▶ **Task prompt**
Using the listing below, print exactly everything from the line with "San Francisco Giants Players" down to the line with "Tropical beach Wallpaper", both included, and nothing more.

▶ **Material supplied**
= = = = = = =

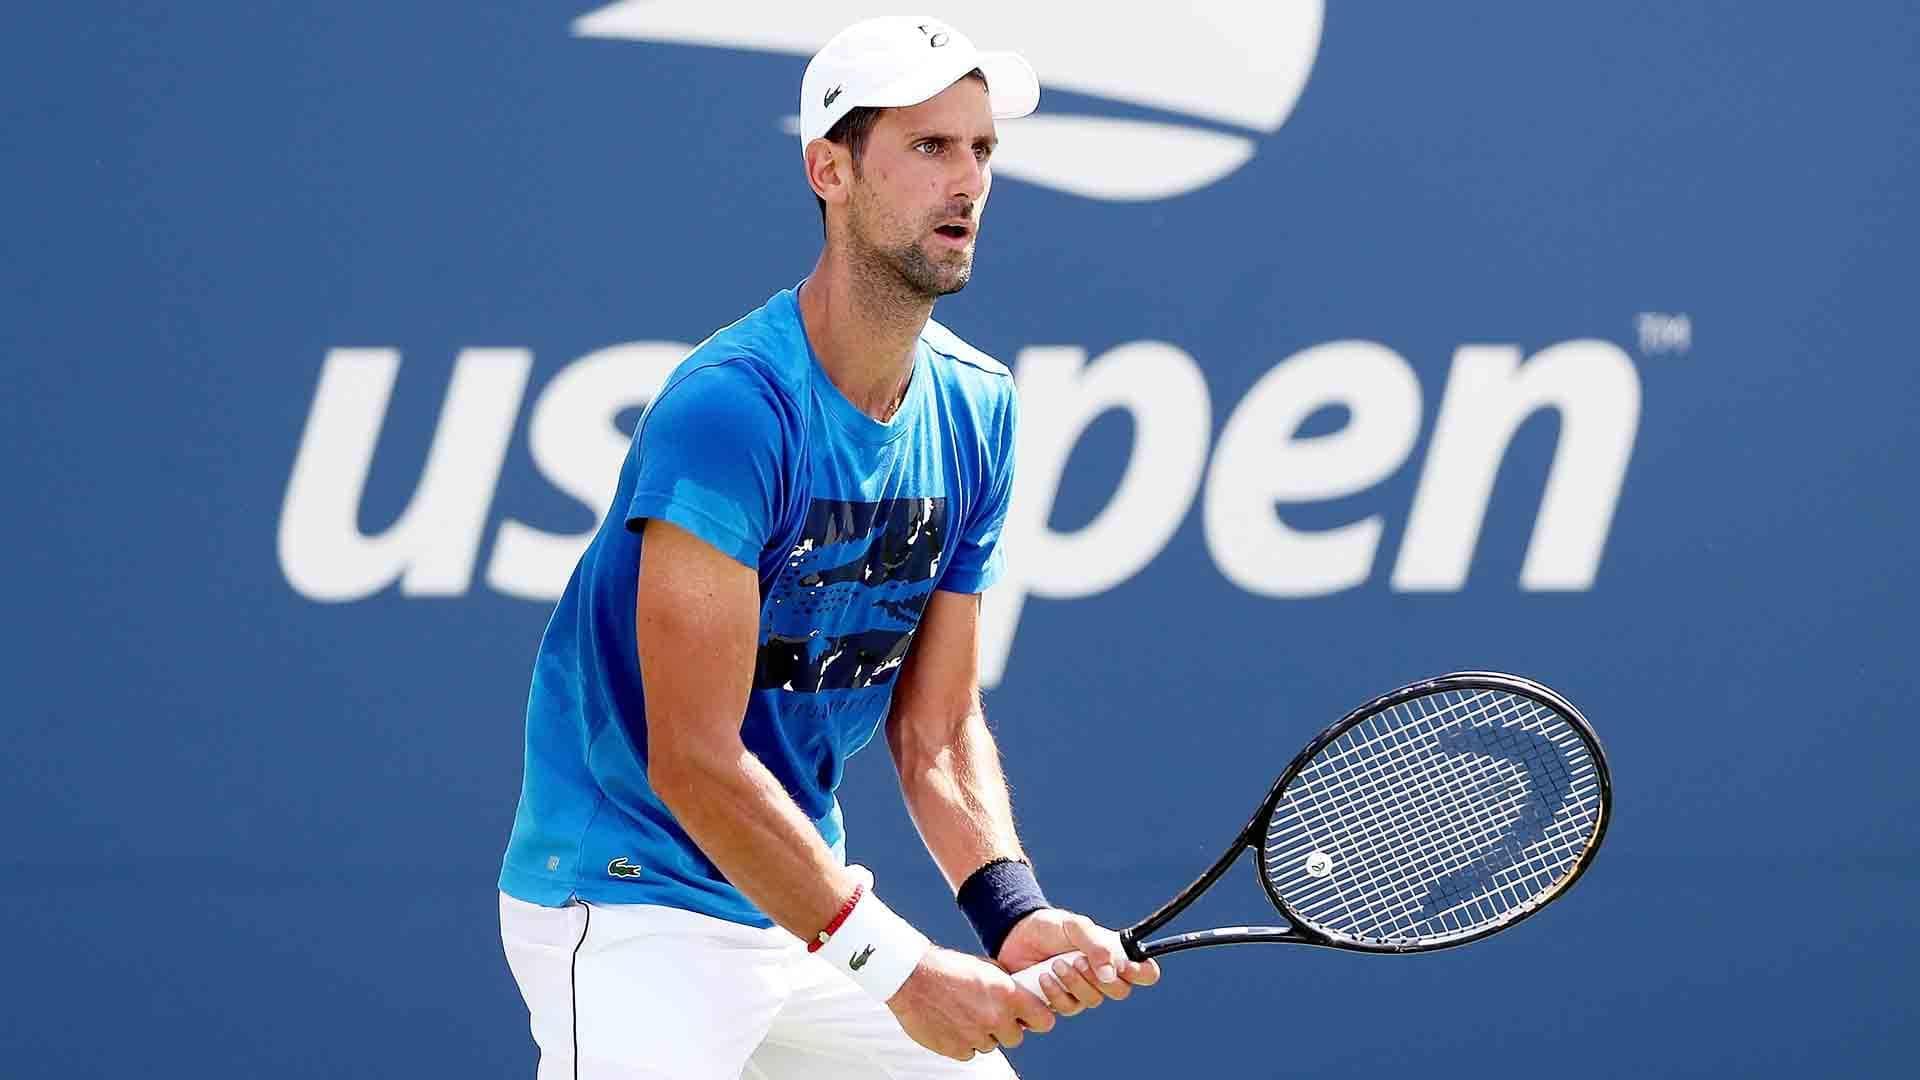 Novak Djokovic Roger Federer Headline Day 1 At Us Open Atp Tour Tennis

= = = = = = =

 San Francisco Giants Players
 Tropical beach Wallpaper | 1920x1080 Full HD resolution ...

= = = = = = =

▶ **Exercise solution**
 San Francisco Giants Players
 Tropical beach Wallpaper | 1920x1080 Full HD resolution ...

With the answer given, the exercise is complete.